Source data:
══════════

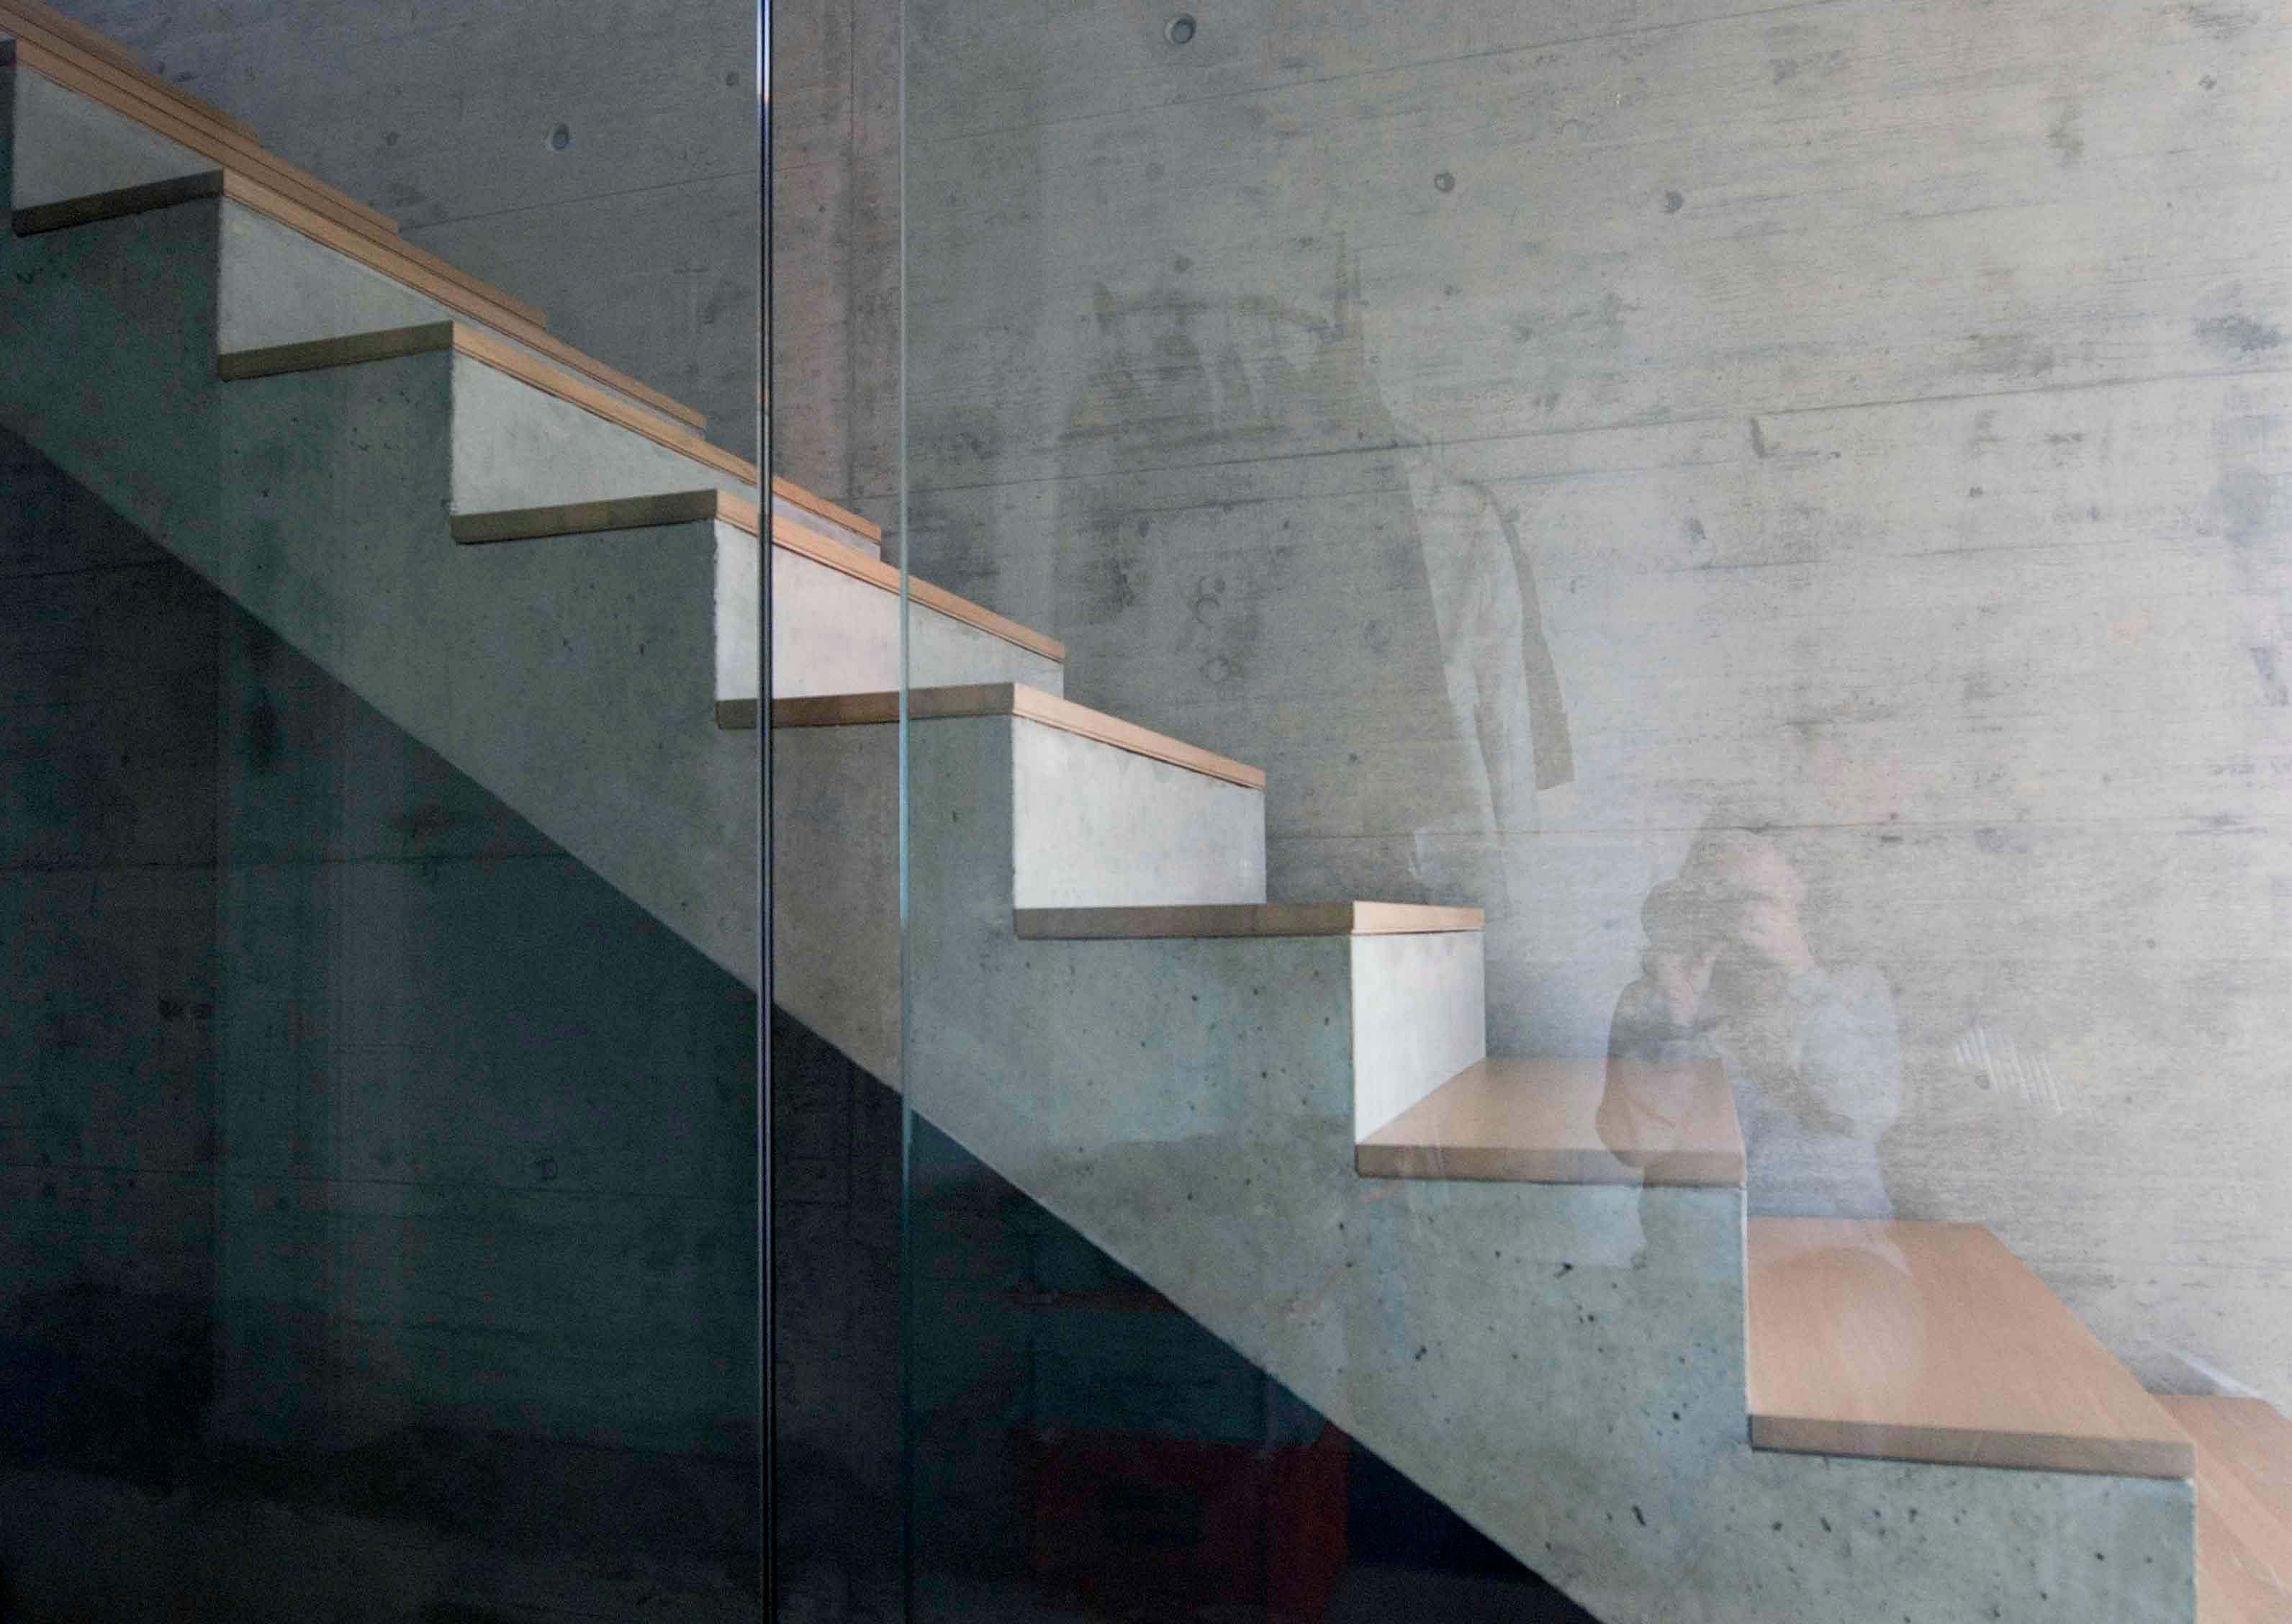  Architektur-Reportage Frick Hanglage: ästhetische Betontreppe mit Glaswand 
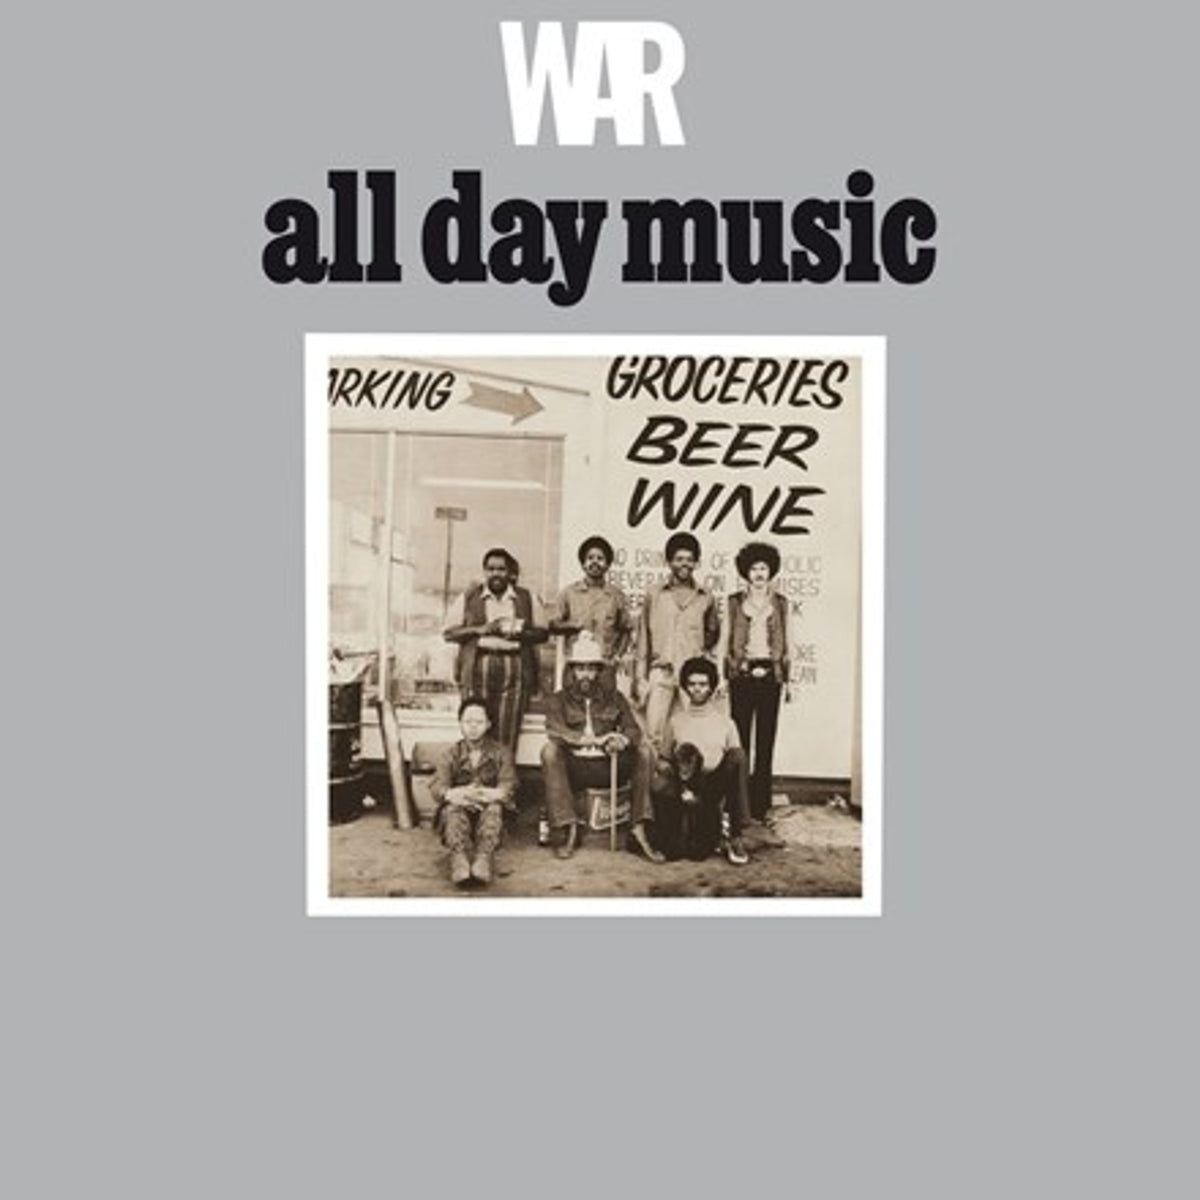 War All Day Music LP – Eroding Winds
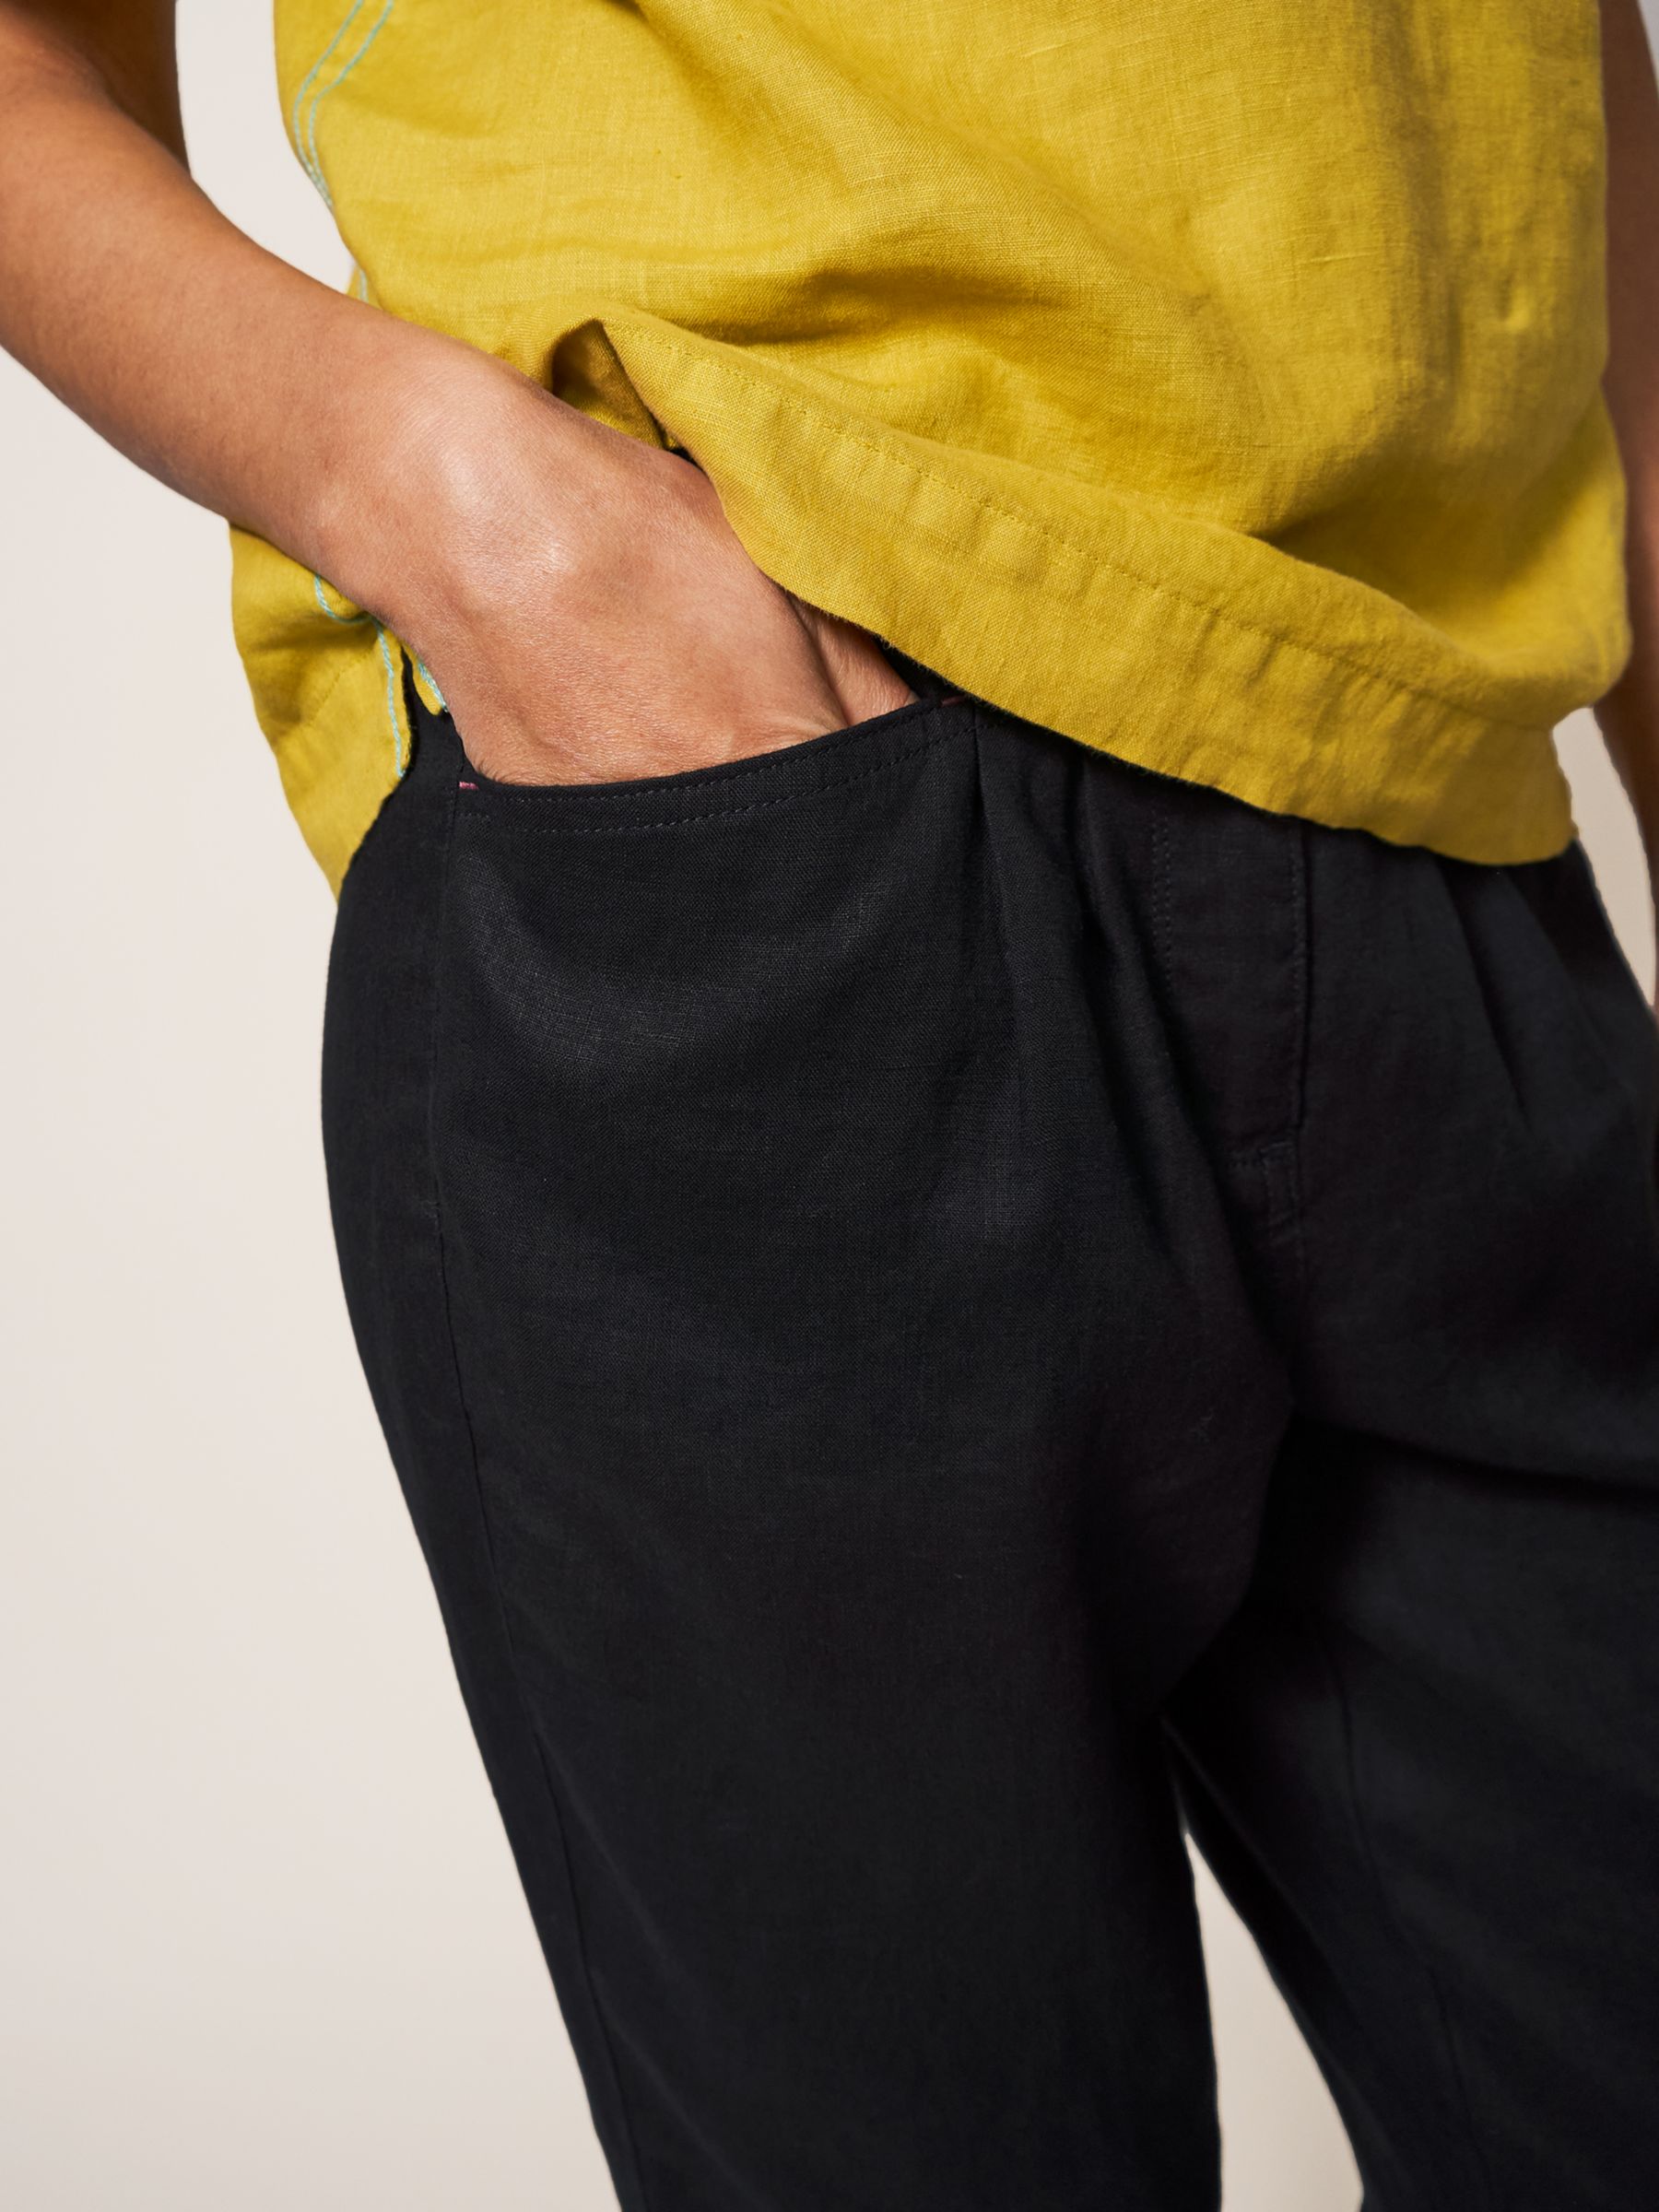 Buy Women's Black Linen Trousers Online

══════════

All of the material above is to be retyped exactly, with no pictures included.

  Architektur-Reportage Frick Hanglage: ästhetische Betontreppe mit Glaswand 
 War All Day Music LP – Eroding Winds
 Buy Women's Black Linen Trousers Online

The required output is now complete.